La Biblioteca Nazionale Centrale di Firenze: tra storia e ricordi
a cura di Rossana Cecchi
Ci sono luoghi che sono importanti perché centri di storia, perché rappresentano una città, perché hanno attraversato vicende di vario tipo, perché sono per i cittadini e non solo, pieni di ricordi…
Uno di questi luoghi a Firenze è la Biblioteca Nazionale Centrale (BNCF), una delle più importanti biblioteche italiane ed europee che, insieme alla Nazionale di Roma, svolge le funzioni di biblioteca nazionale centrale. Il suo patrimonio è immenso e prezioso: possiede circa 5.948.235 volumi a stampa, 2.703.899 opuscoli, 24.991 manoscritti, 3.716 incunaboli, 29.123 edizioni del XVI secolo e oltre 1.000.000 di autografi, e conta 304.214 opere consultate all’anno 2013. Le scaffalature dei depositi librari coprono 135 km lineari, con un incremento annuo di oltre 1 km e mezzo.

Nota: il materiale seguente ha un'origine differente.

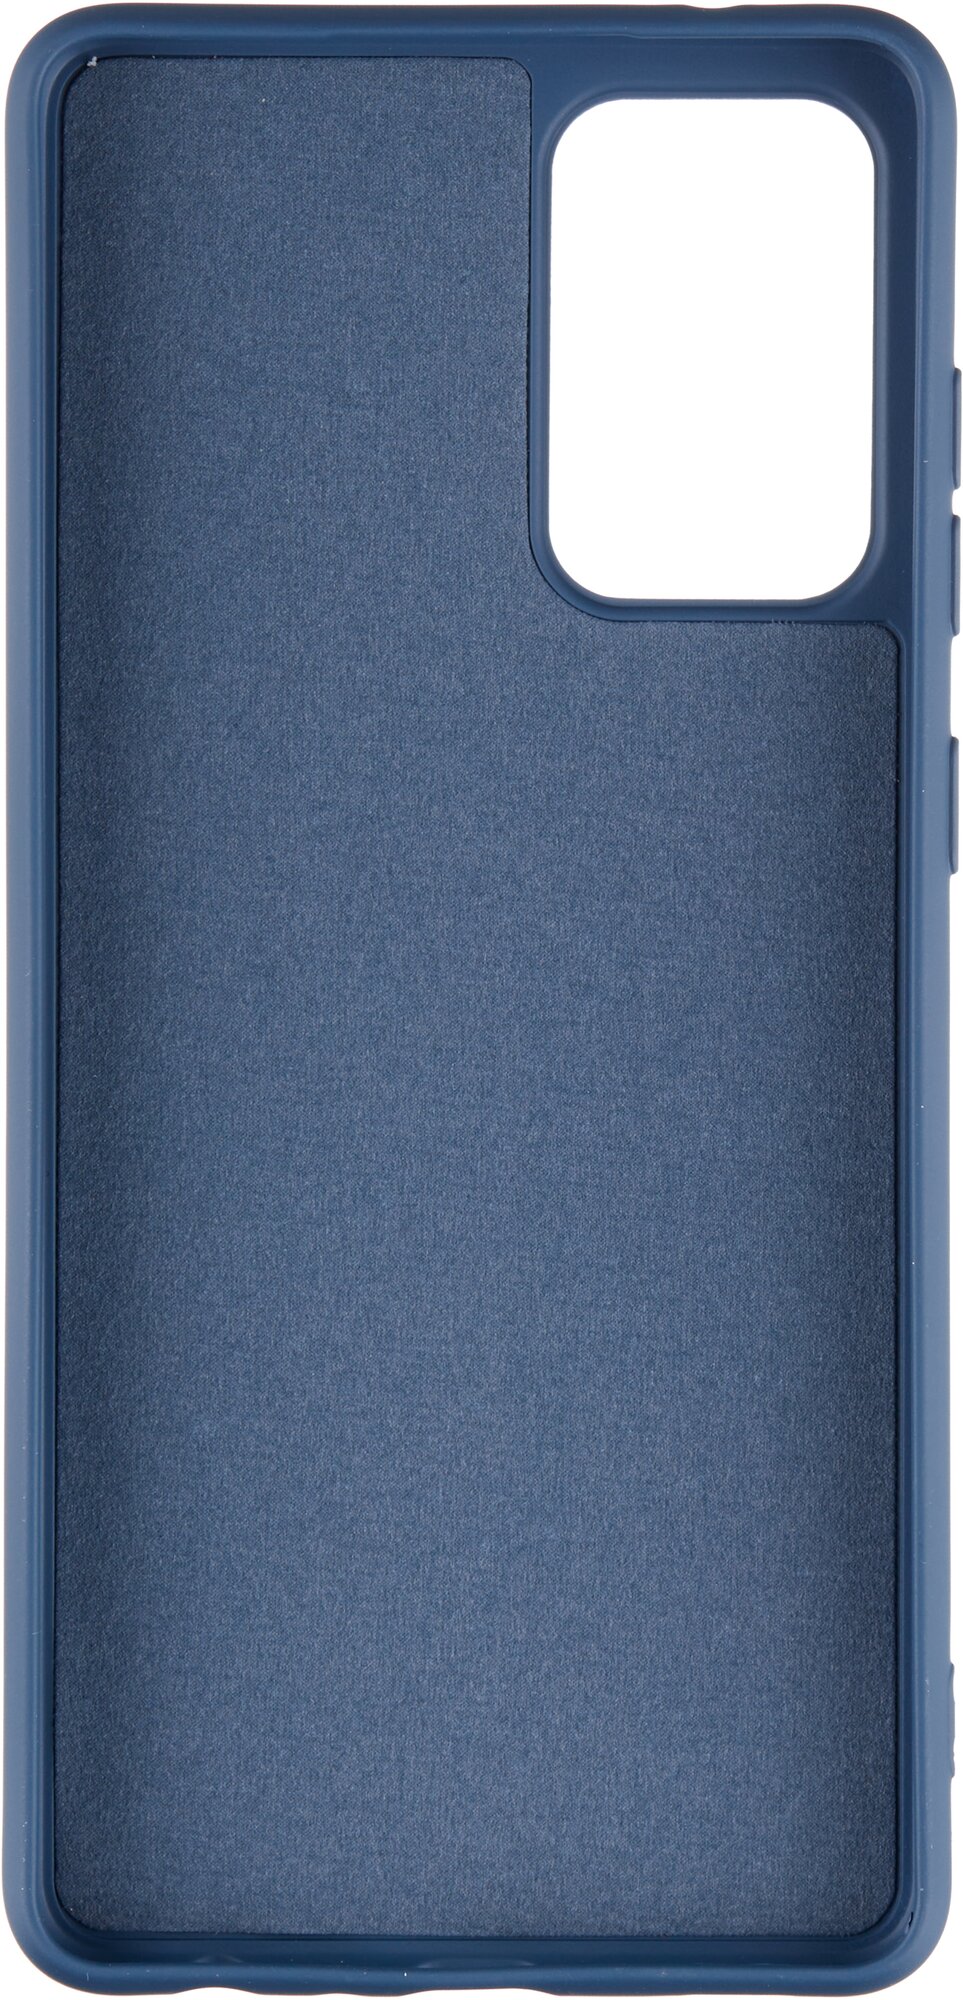 Чехол накладка Deppa Soft Silicone для Samsung Galaxy A72 (2021), синий, PET синий - фото №2

E’ noto, almeno lo è alla maggioranza dei fiorentini e appassionati bibliofili, che il nucleo originario della biblioteca proviene dalle collezioni di Antonio Magliabechi, costituite da circa 30.000 volumi devoluti integralmente, secondo il lascito testamentario del 1714, «a beneficio universale della città di Firenze», e sistemati nello Stanzone della Commedia o della Dogana, che nei secoli precedenti era stato luogo di rappresentazioni teatrali e noto come Teatrino della Baldracca. Con motu proprio del 1736, Gian Gastone de’ Medici , famoso a Firenze come “Gian Gastone”, figlio di Cosimo III de’ Medici e Margherita Luisa d’Orléans, ultimo Granduca appartenente alla dinastia dei Medici, ordinava al magistrato supremo di prendere possesso della libreria Magliabechi, che diventava così la prima biblioteca pubblica fiorentina, comunemente detta Magliabechiana, ancora oggi nucleo centrale e fondamentale di questa ricchissima biblioteca. Per assicurare l’incremento del patrimonio librario il documento granducale stabiliva che vi fosse depositato un esemplare di ciascuna delle opere stampate a Firenze, obbligo esteso nel 1743 a tutti gli stampatori del territorio del Granducato di Toscana. La prima apertura al pubblico risale al 1747, con il nome di Biblioteca Magliabechiana, dopo che ne erano stati ristrutturati gli spazi ed era stata effettuata la catalogazione e l’ordinamento dei libri.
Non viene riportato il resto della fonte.